Wherever a picture sits, omit it. Output the rest of the listing exactly.

Data block:
----

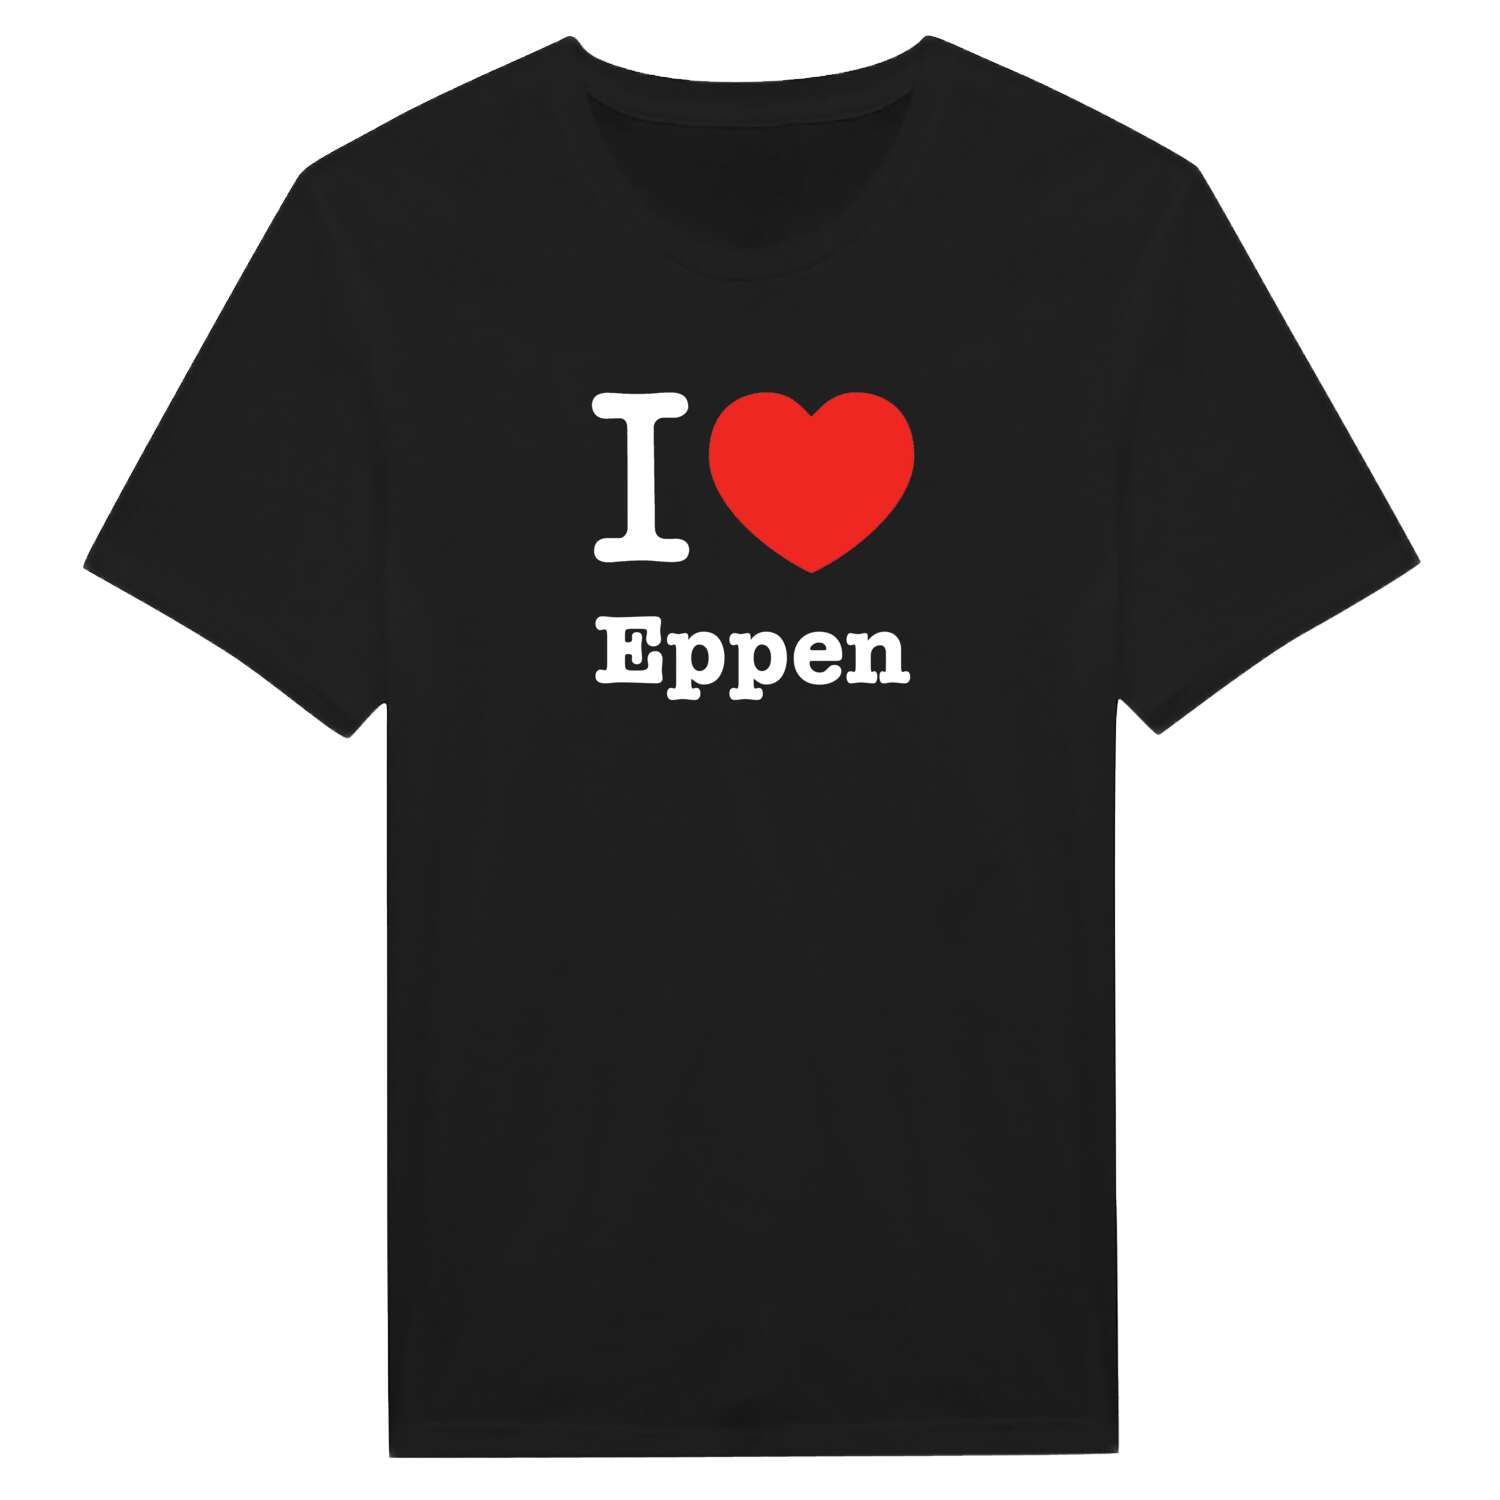 Eppen T-Shirt »I love«
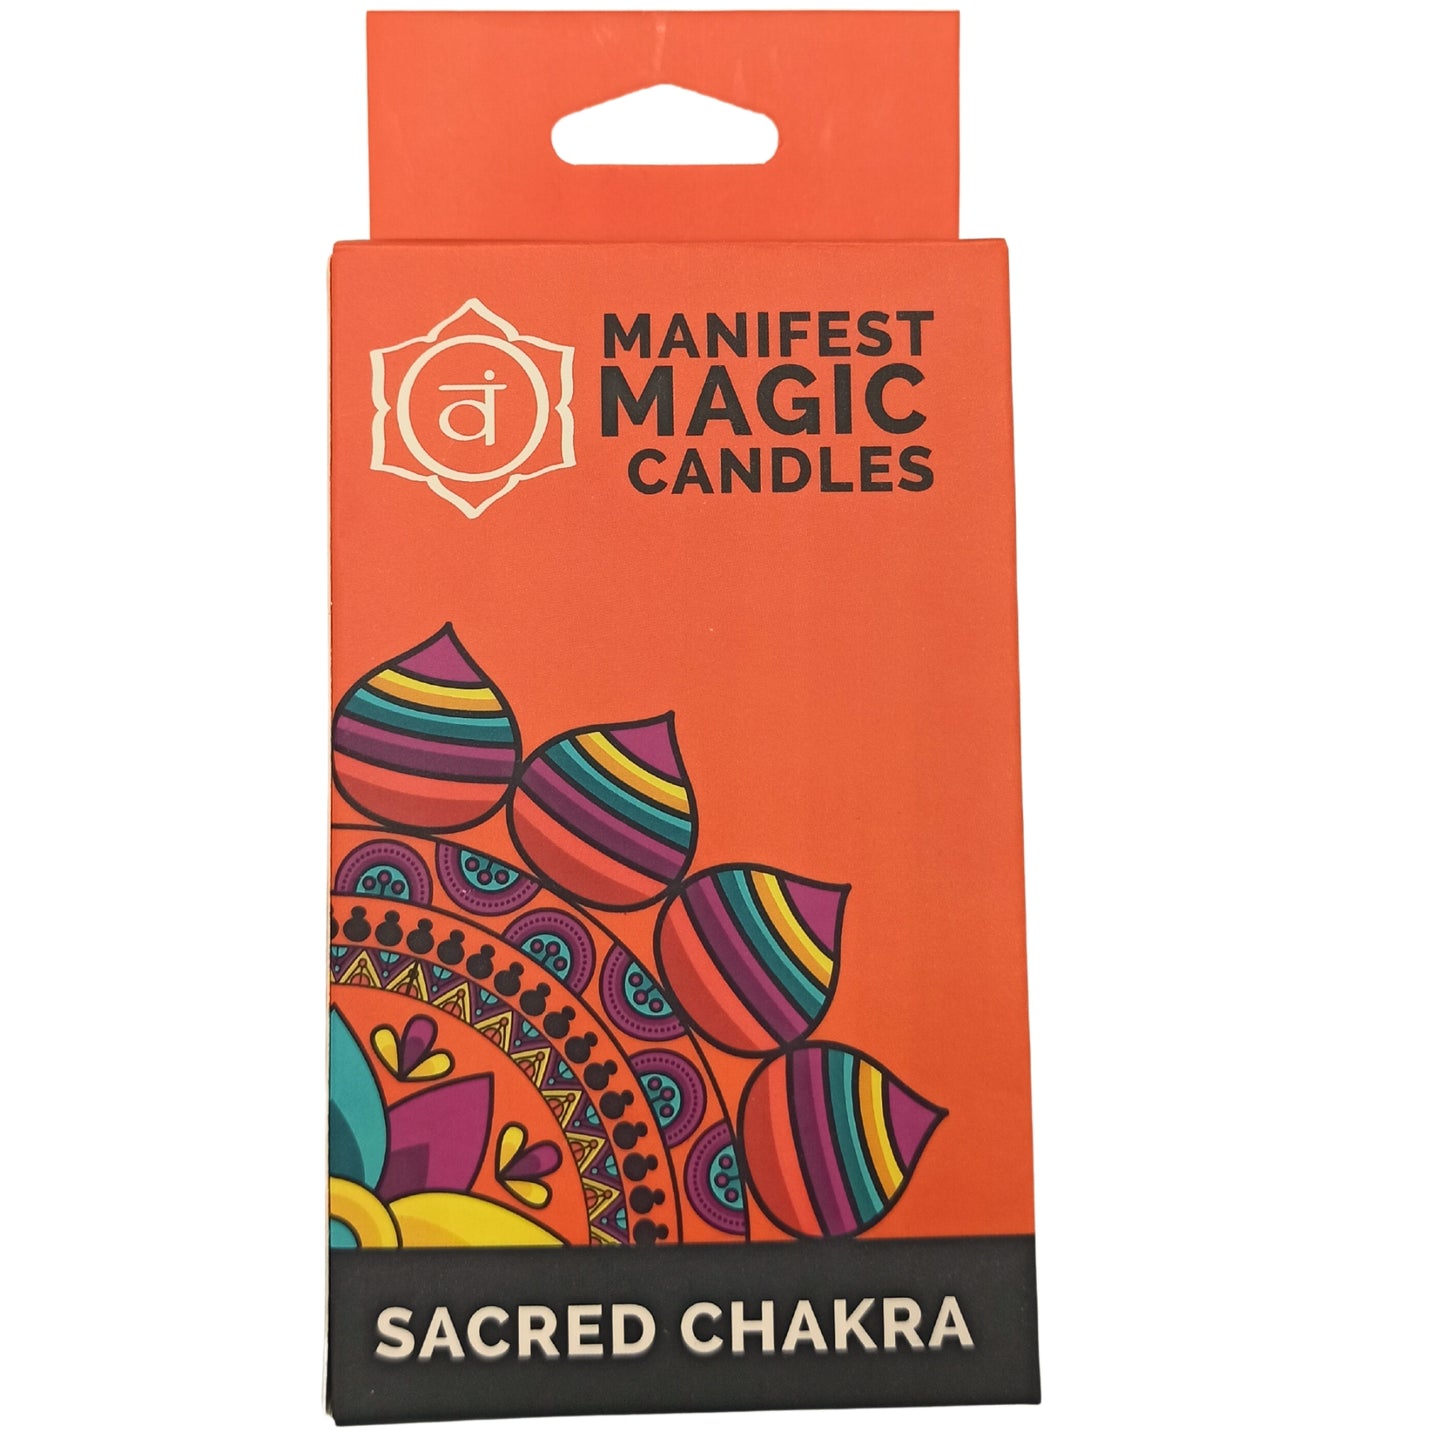 Manifest Magic Candles (pack of 12) - Orange - Sacred Chakra
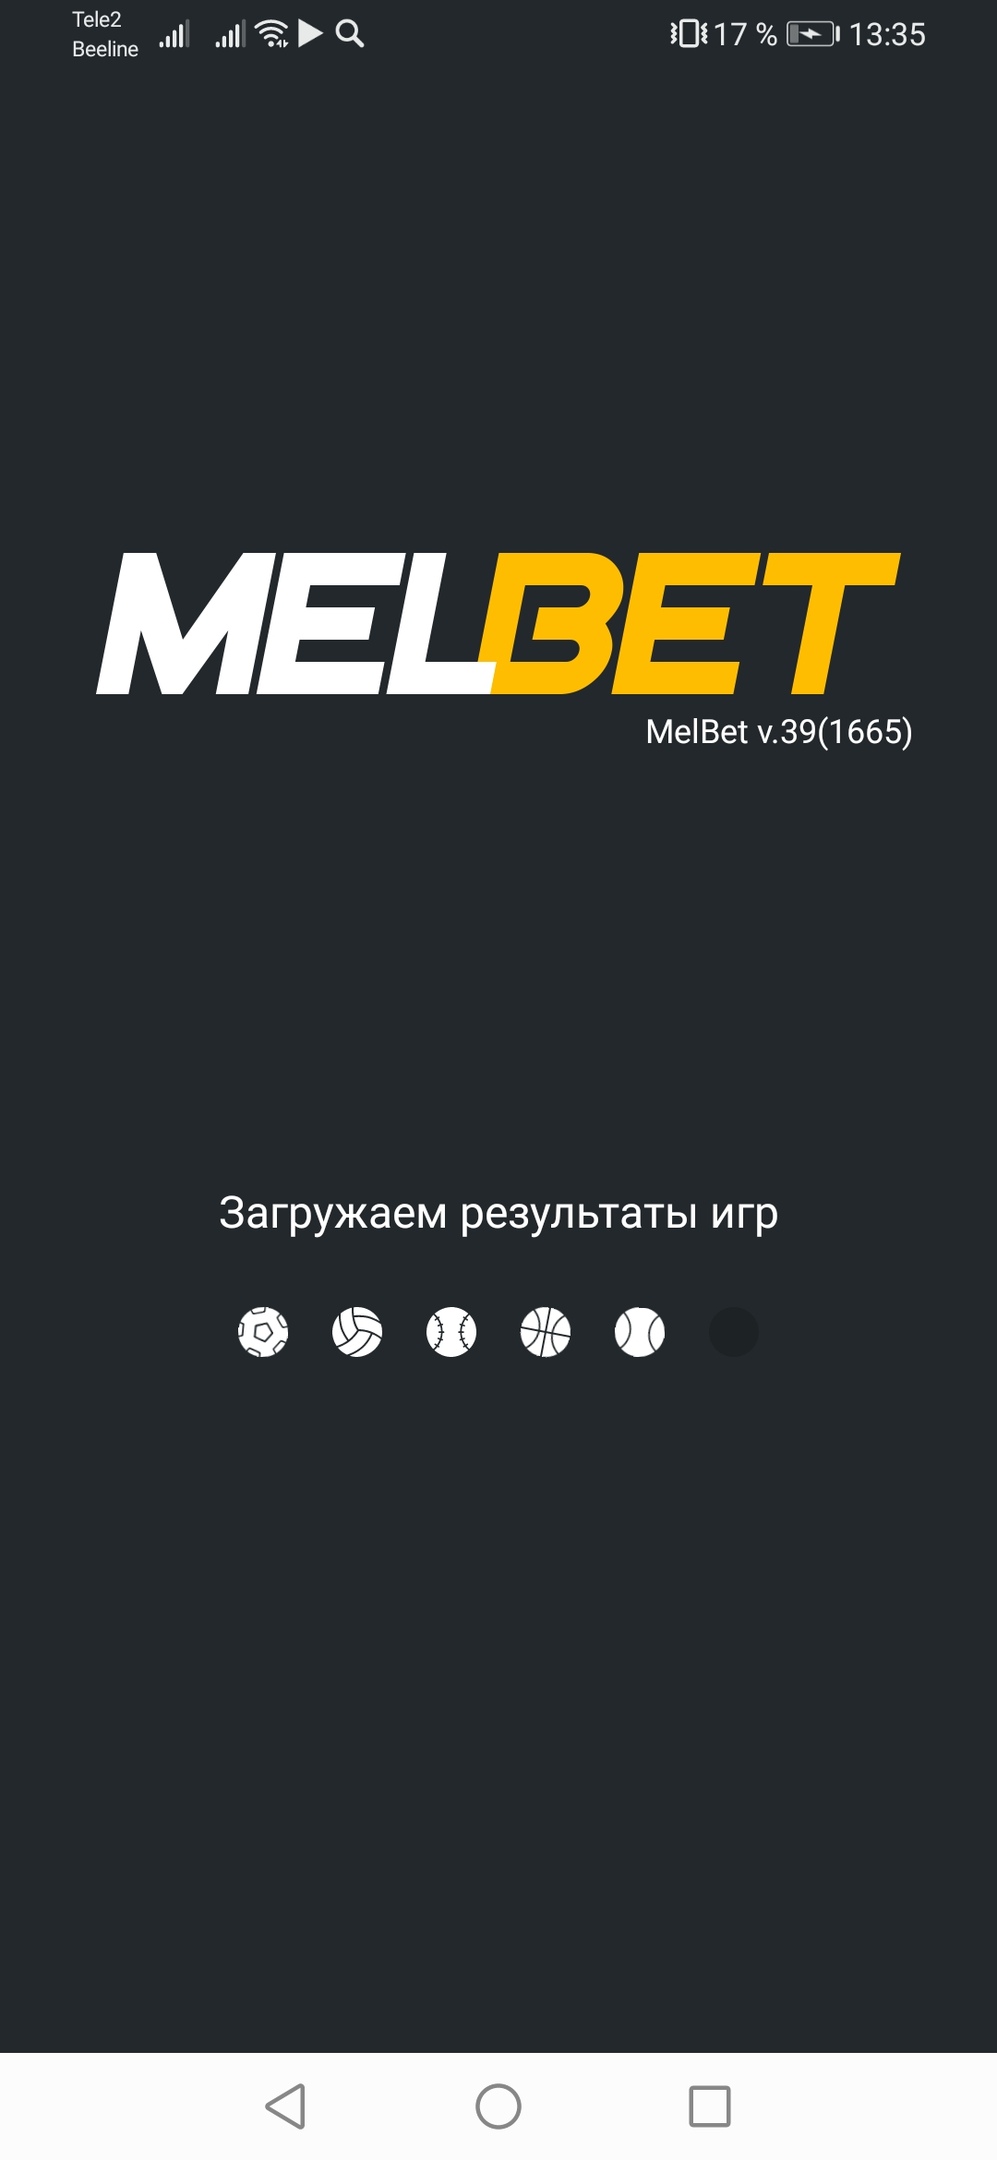 Var match tv приложение для андроид. Мелбет. Melbet приложение. Melbet logo. Постеры Мелбет.

----

Your solution:
 Eppen T-Shirt »I love«
 Manifest Magic Candles (pack of 12) - Orange - Sacred Chakra
 Var match tv приложение для андроид. Мелбет. Melbet приложение. Melbet logo. Постеры Мелбет.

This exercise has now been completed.